Credit rating agency, ICRA has reaffirmed the LA+ rating assigned to the Rs 10.5 billion fund based limits and Rs 8.38 billion term loans and the A1+ rating assigned to the Rs 3,224 billion non-fund based limits of Shree Renuka Sugars (Q,N,C,F)* (SRSL).

ICRA has also reaffirmed A1+ rating to enhanced amount of Rs 5 billion of the commercial paper programme of SRSL. The ratings have been removed from rating watch with negative implications and a stable outlook has been assigned to the long-term rating.

The rating action takes into account the steady financial performance of the company during sugar year (SY) 2009-101 in spite of the downturn in the sugar industry, which is likely to be sustained given the fact that international sugar prices have revived, which is likely to result in satisfactory profit levels for the company given that the company`s sugar units (both cane sugar and refining) can access the international markets readily.

Further, while the company has made large equity investments (to the tune of around Rs 15 billion) in two large Brazilian sugar/ethanol companies2 (which had resulting in ICRA putting its ratings under watch), since a significant part of the investments have been funded through internal accruals and equity infusion, this is unlikely to strain SRSL`s capital structure- thus ICRA estimates SRSL`s gearing at less than 1 times as on September 30, 2010.

ICRA`s LA+ and A1+ratings favourably factors in the company`s significant size of sugar operations, healthy operational performance and substantial forward integration into cogeneration and distillery businesses, which will continue to provide alternate revenue streams and some cushion against cyclicality in the sugar business.

These strengths are however tempered by the risks arising out of the inherent cyclicality and agroclimatic factors in the sugar business and vulnerability to government policies governing cane pricing and sugar release mechanism.

The company`s funding policies while growing through capital expenditure (capex) and acquisitions will remain a key rating driver.

Currently, ICRA does not have access to the audited accounts of either VDI or Equipav.

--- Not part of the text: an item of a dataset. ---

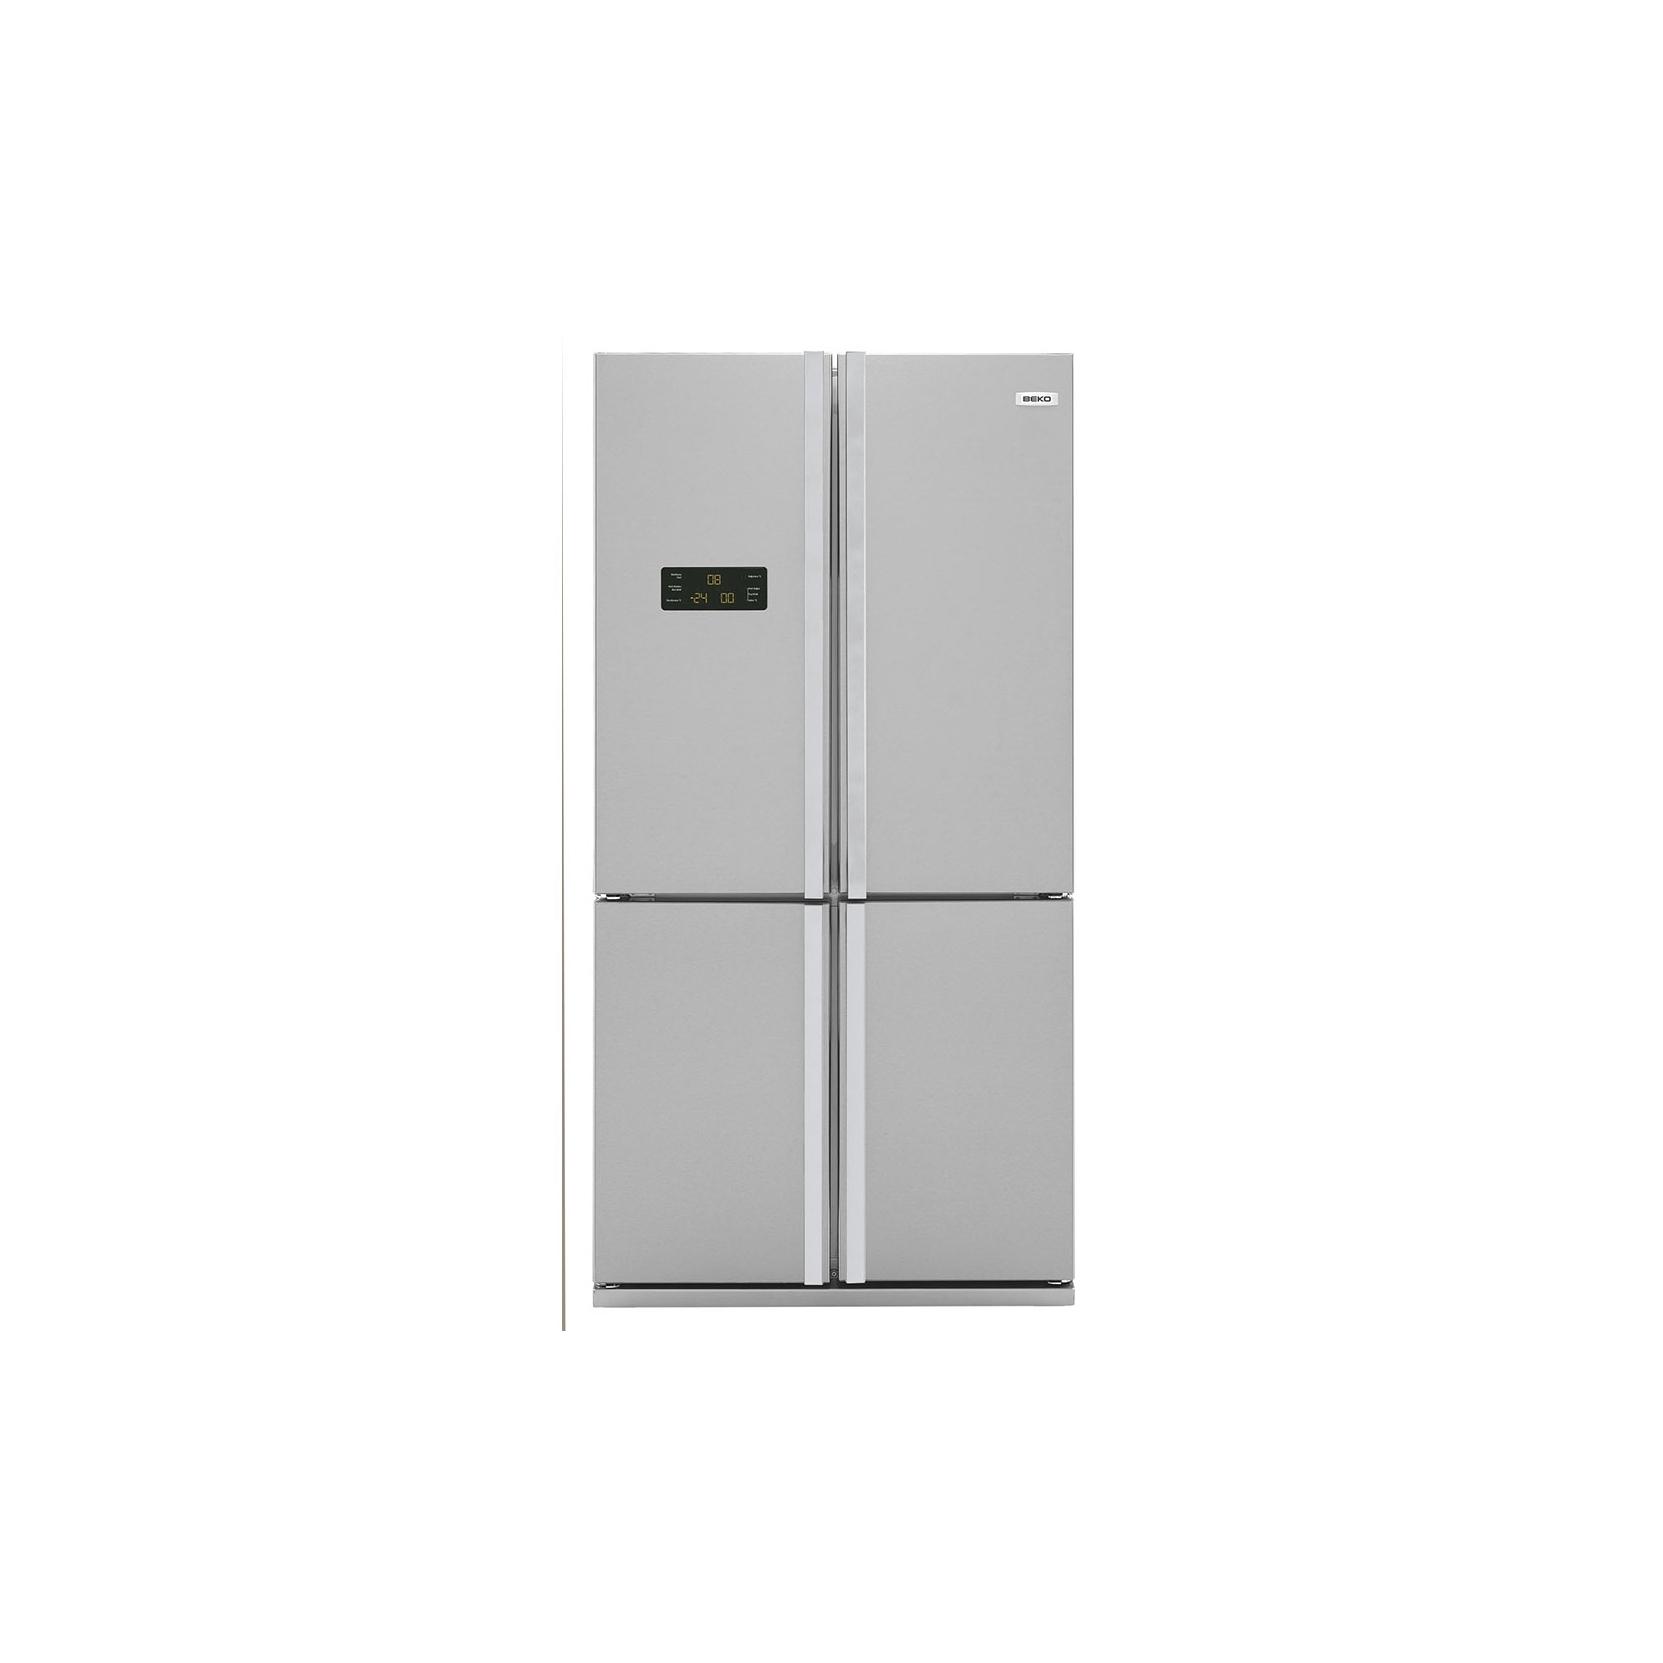 Beko gne114612x frigorifero 4 porte total no frost a for Frigorifero side by side 4 porte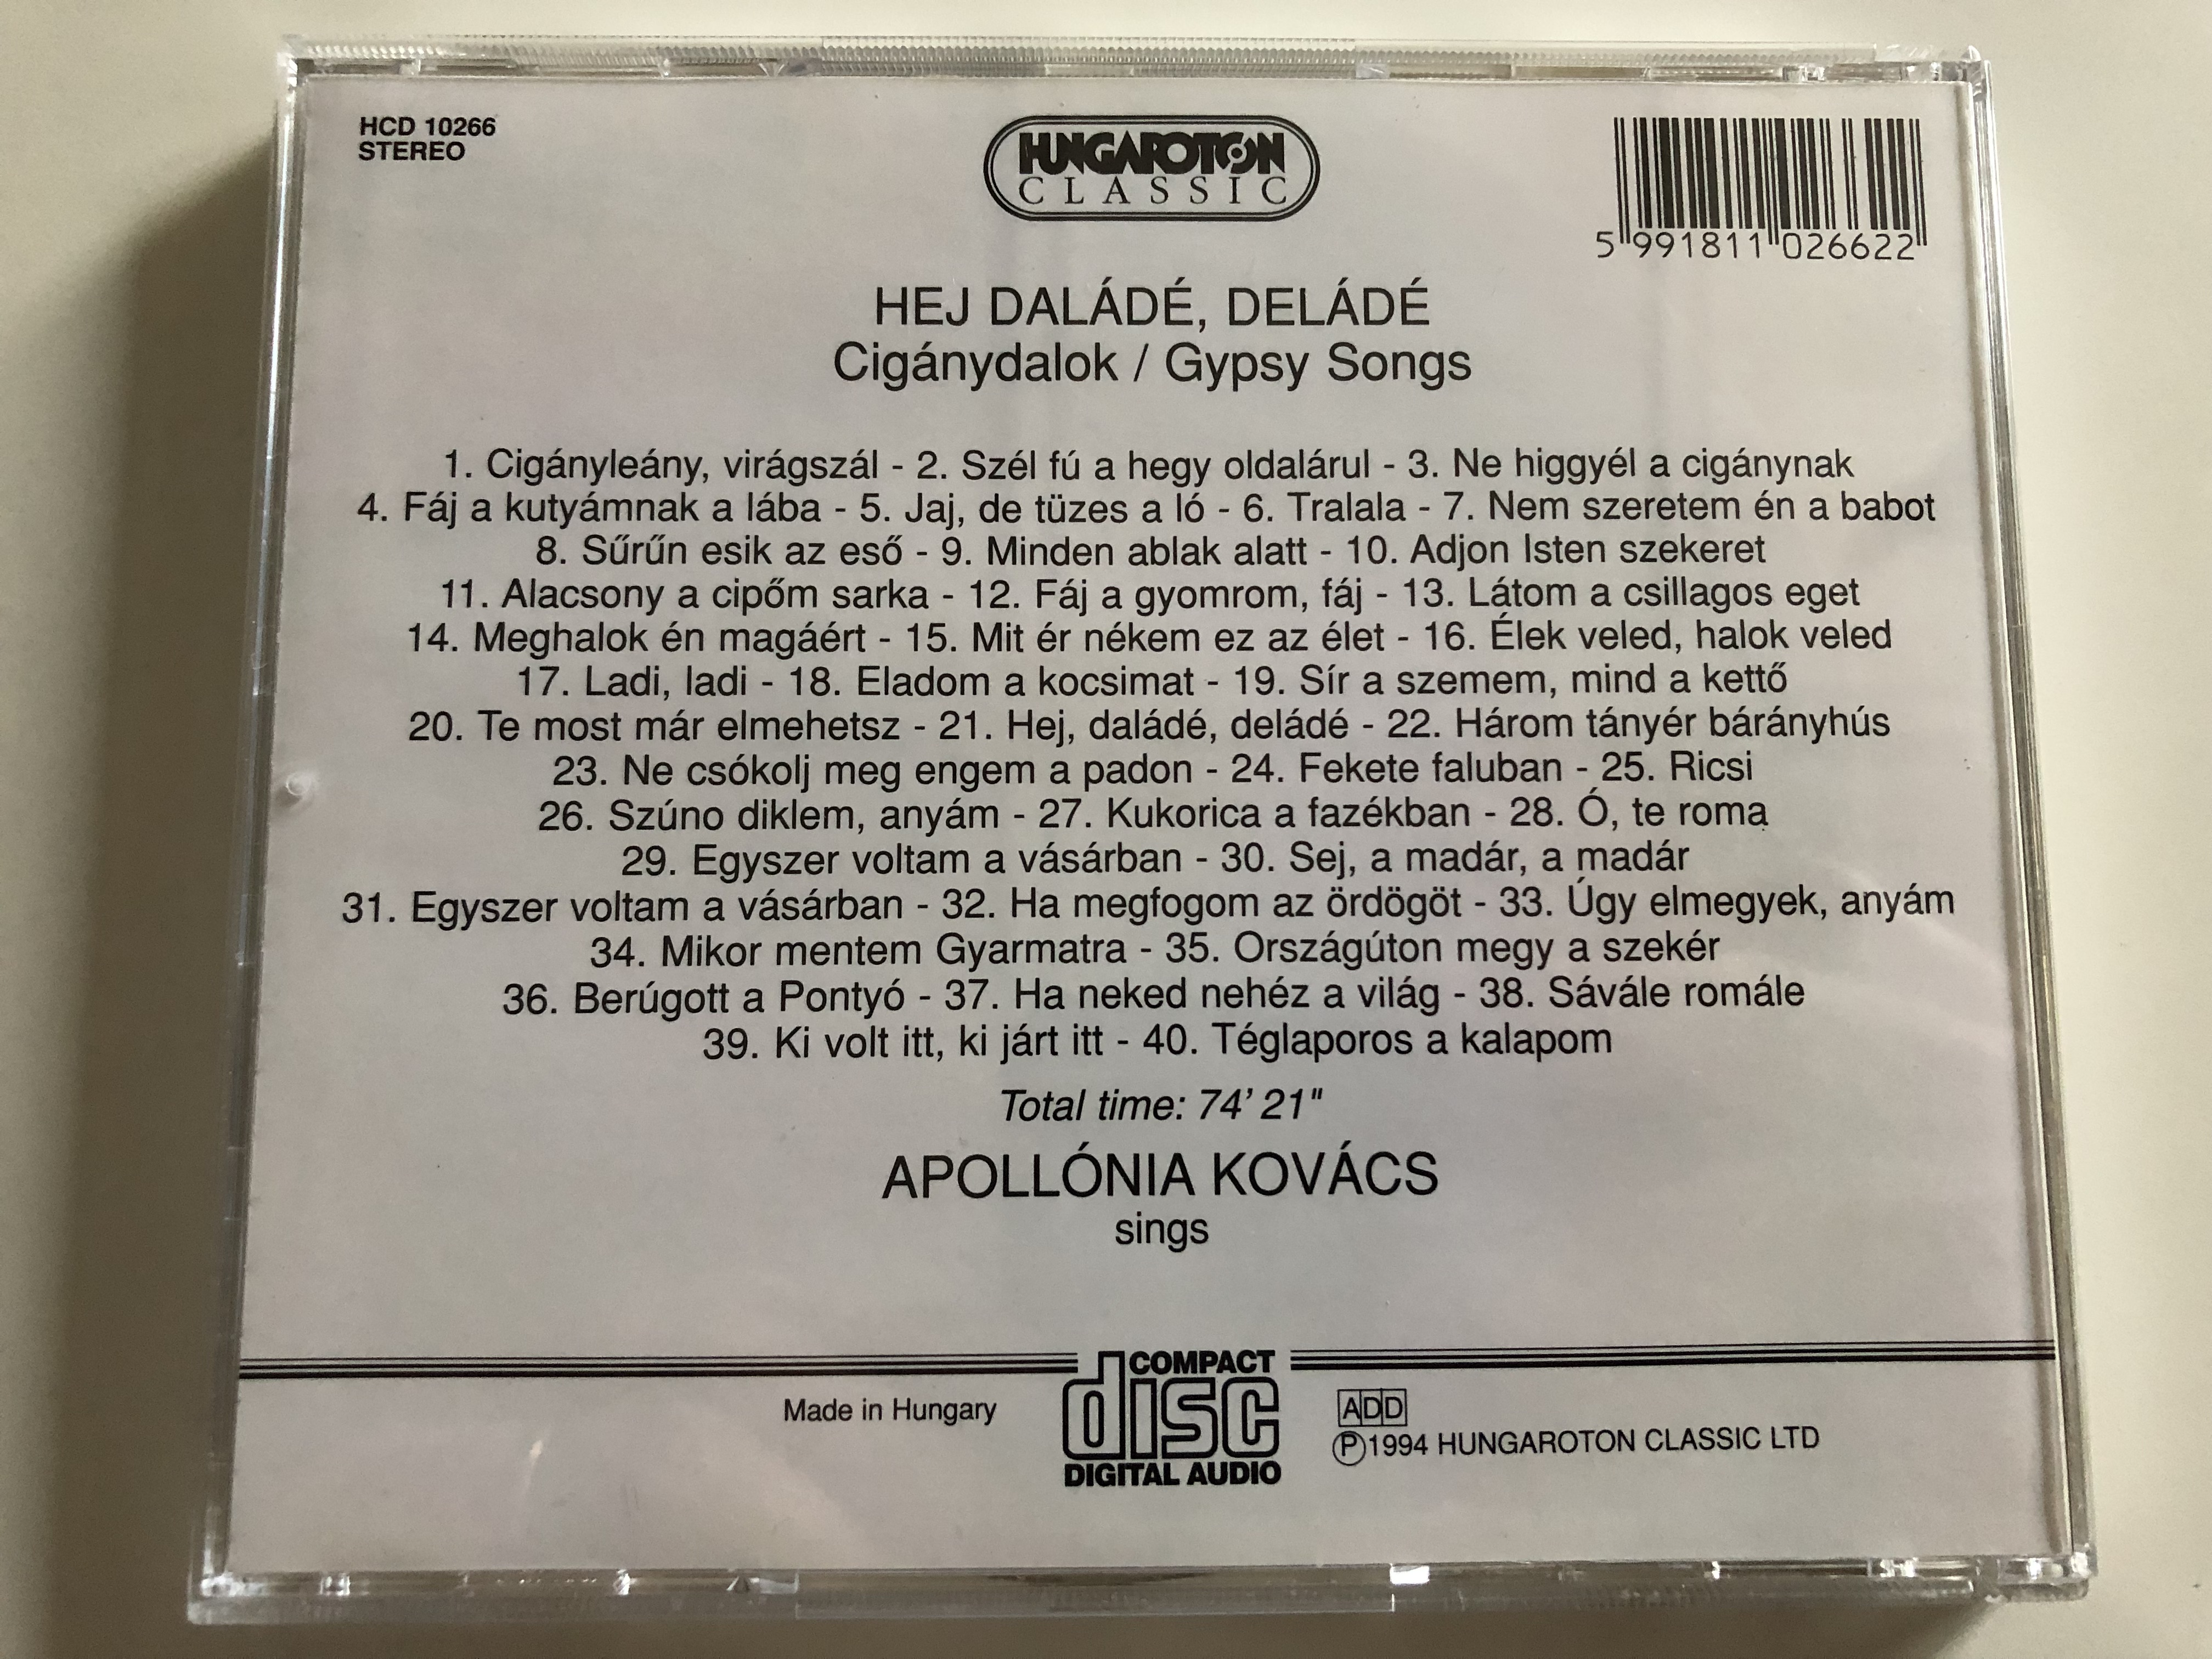 apoll-nia-kov-cs-hej-dal-d-del-d-gypsy-songs-cig-nydalok-hungaroton-classic-audio-cd-1994-hcd-10266-6-.jpg

However based on management discussions, ICRA understands that the total long-term debt of these two entities is around Rs. 7.5 billion and Rs 30 billion respectively and that the two companies have satisfactory cost structures.

This coupled with the current improvement in sugar prices makes it unlikely in ICRA`s opinion that SRSL would have to extend any further support to these companies.

However, the magnitude of support that may have to be provided by SRSL would remain a key rating sensitivity.

Shares of the company gained Rs 1.55, or 1.86%, to settle at Rs 84.80. The total volume of shares traded was 1,035,434 at the BSE (Monday).